In this blog post, we’ll delve into how Plaso handles CloudTrail logs. This write-up stems from recent experiences using Plaso for previous posts and discovering that Plaso includes a CloudTrail parser. Given the limited information at this time on how Plaso processes CloudTrail logs, this article aims to provide insights and useful information on using Plaso with CloudTrail logs.
Let’s dive in!
Prerequisites
Here are the tools and data I’m using:
- Plaso log2timeline Docker image: I have a write-up here on how to use this. For much of this write-up, I’ll assume this is known or referenced.
- Publicly available CloudTrail logs: At Blackhat 2024, I had an opportunity to chat with Korstiaan Stam from Invictus, who mentioned he had a set of logs on the Invictus GitHub page here.
- Log converter script: aws-cloudtrail2plaso.py — This script will convert raw CloudTrail logs downloaded from S3 into the lookup-event format extracted via the command-line with Boto3. Note: As of this writing, this script has only been tested with the dataset from Invictus, mentioned above.
Getting ready
Below is the folder structure I’m working with.

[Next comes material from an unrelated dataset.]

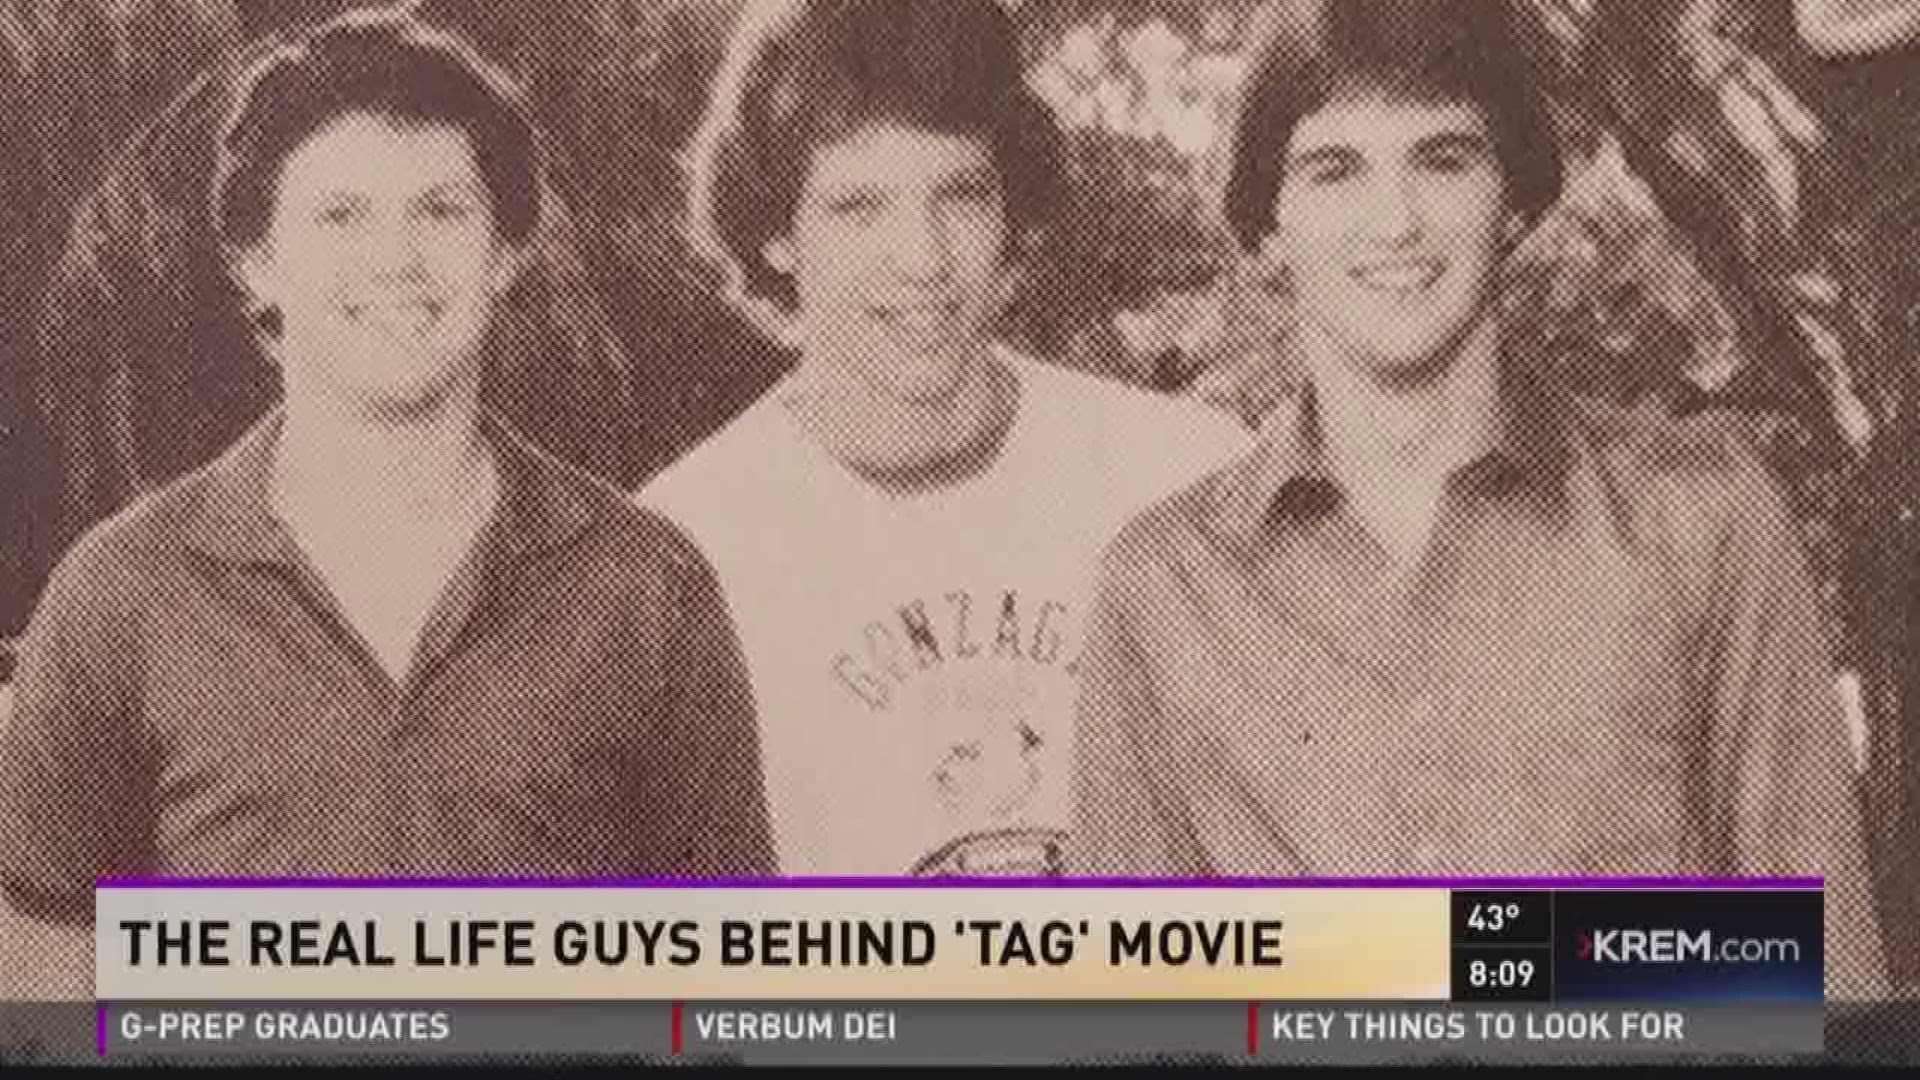 Spokane friends have been playing the same game of tag for 30 years, News

I have an Evidence
folder for my logs and the L2T
folder for all my Plaso output. I’ve placed the aws-cloudtrail2plaso.py
script in the D:\Cases\Cloudtrail
folder.
PS D:\Cases\Cloudtrail> tree
D:.
└───Invictus
├───Evidence
│ └───aws_dataset # CloudTrail logs
└───L2T # Plaso output
Download and extract the “aws-dataset” from the Invictus GitHub page. I’ve placed my logs in D:\Cases\Cloudtrail\Invictus\Evidence\aws_dataset
.
Data Conversion
While initially working with Plaso on this project, attempting and failing at processing the CloudTrail logs, I discovered there was a small set of test data on the Plaso GitHub. But this test data was a different format from the dataset I was using.
The Plaso CloudTrail test data started with “EventId”, yet I was expecting to parse data in the following format, starting with “Records”.
Ultimately, I learned that what Plaso was expecting was the “lookup-event” data extracted via command-line or programmatically, as opposed to raw data downloaded directly from an S3 bucket.
Here is a sample of how this is done, from AWS
AWS shows this as the response syntax from the lookup-events, as defined in the Boto3 documentation here. The response structure that describes these fields can be viewed at the link as well.
{
'Events': [
{
'EventId': 'string',
'EventName': 'string',
'ReadOnly': 'string',
'AccessKeyId': 'string',
'EventTime': datetime(2015, 1, 1),
'EventSource': 'string',
'Username': 'string',
'Resources': [
{
'ResourceType': 'string',
'ResourceName': 'string'
},
],
'CloudTrailEvent': 'string'
},
],
}
The main thing I wanted to point out here, is how different this looks from the raw CloudTrail log data. However, you will see the CloudTrailEvent
field, which also contains the JSON string of the CloudTrail event itself.
Thus, I was curious if it was possible to transform my logs to the format lookup-event format that Plaso was expecting. So as a non-programmer, and DALL-E amateur, I asked for AI assistance.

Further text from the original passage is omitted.